Выбрать главу

И если ты это понимаешь, тогда вопрос, почему в мире есть страдания, перестает тебя волновать. Потому что если человека окружает любовь, он уже не так страдает. И больному ребенку, если у него есть родители, которые его любят, которые окружают его заботой, легче освоиться со своей инвалидностью.

Часто человек, ухаживающий за больным, больше страдает, чем его подопечный. И если рассматривать человечество как единый организм, как предлагает христианство, если мы все — один всечеловек и во Христе имеем радость общения с Богом, мы можем преодолеть все наши скорби и трудности, можем получить прощение грехов, и тогда отходит на второй план, кто именно страдает — ты или другой. Нет этого мучительного вопроса: почему же так? почему кому-то одно, а кому-то другое?

— Но ведь те богатые, которые, живя в своих изолированных оазисах, щедро финансируют благотворительность, сами к чужому страданию не прикасаются.

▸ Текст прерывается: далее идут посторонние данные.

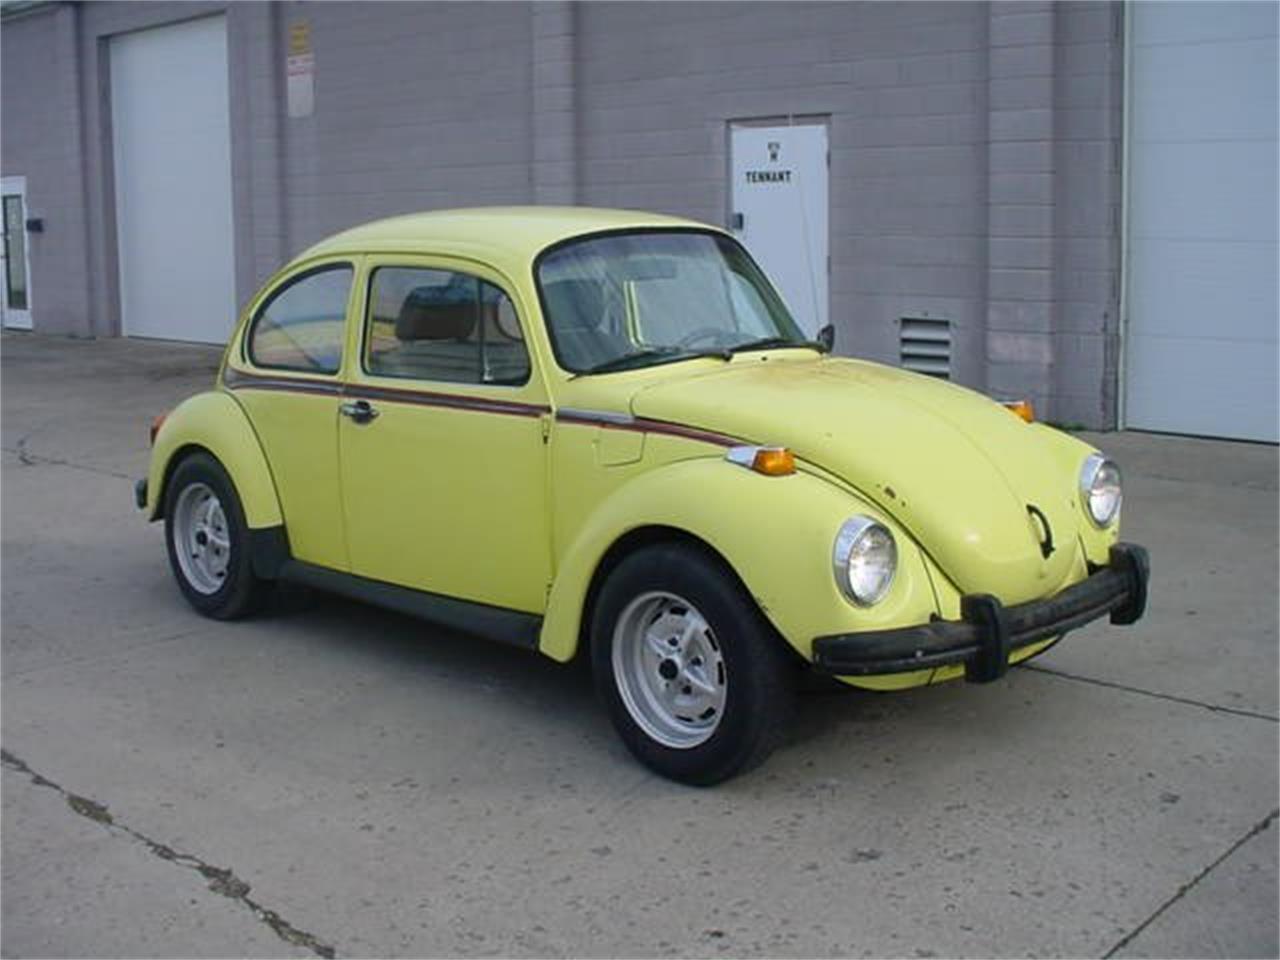 VW AirCooled Beetle Arm Rest Bracket 58-67

— Нет, я думаю, прикасаются. В евангельской притче о богаче и нищем Лазаре, который лежал у его ворот, богач был осужден не за то, что был богат, а за то, что Лазарю ничем не помог и даже крошки ему не дал со своего стола. И трудно богатому войти в Царство Небесное именно потому, что мы все призваны делиться с другими, мы все призваны жить для других, и просто жить для себя ты не можешь.

— Когда-то в России богатые семьи занимались благотворительностью из поколения в поколение и видели оправдание своего богатства в том, что использовали его для служения Богу и ближнему. Но сейчас само слово «служение» вызывает вопрос: кому? И ответ для многих не очевиден. С другой стороны, благотворительность в мире, полном агрессии и лжи, требует организации, непрерывной упорядоченной работы на всех уровнях. И чтобы этим заниматься, человек должен четко знать, зачем ему это.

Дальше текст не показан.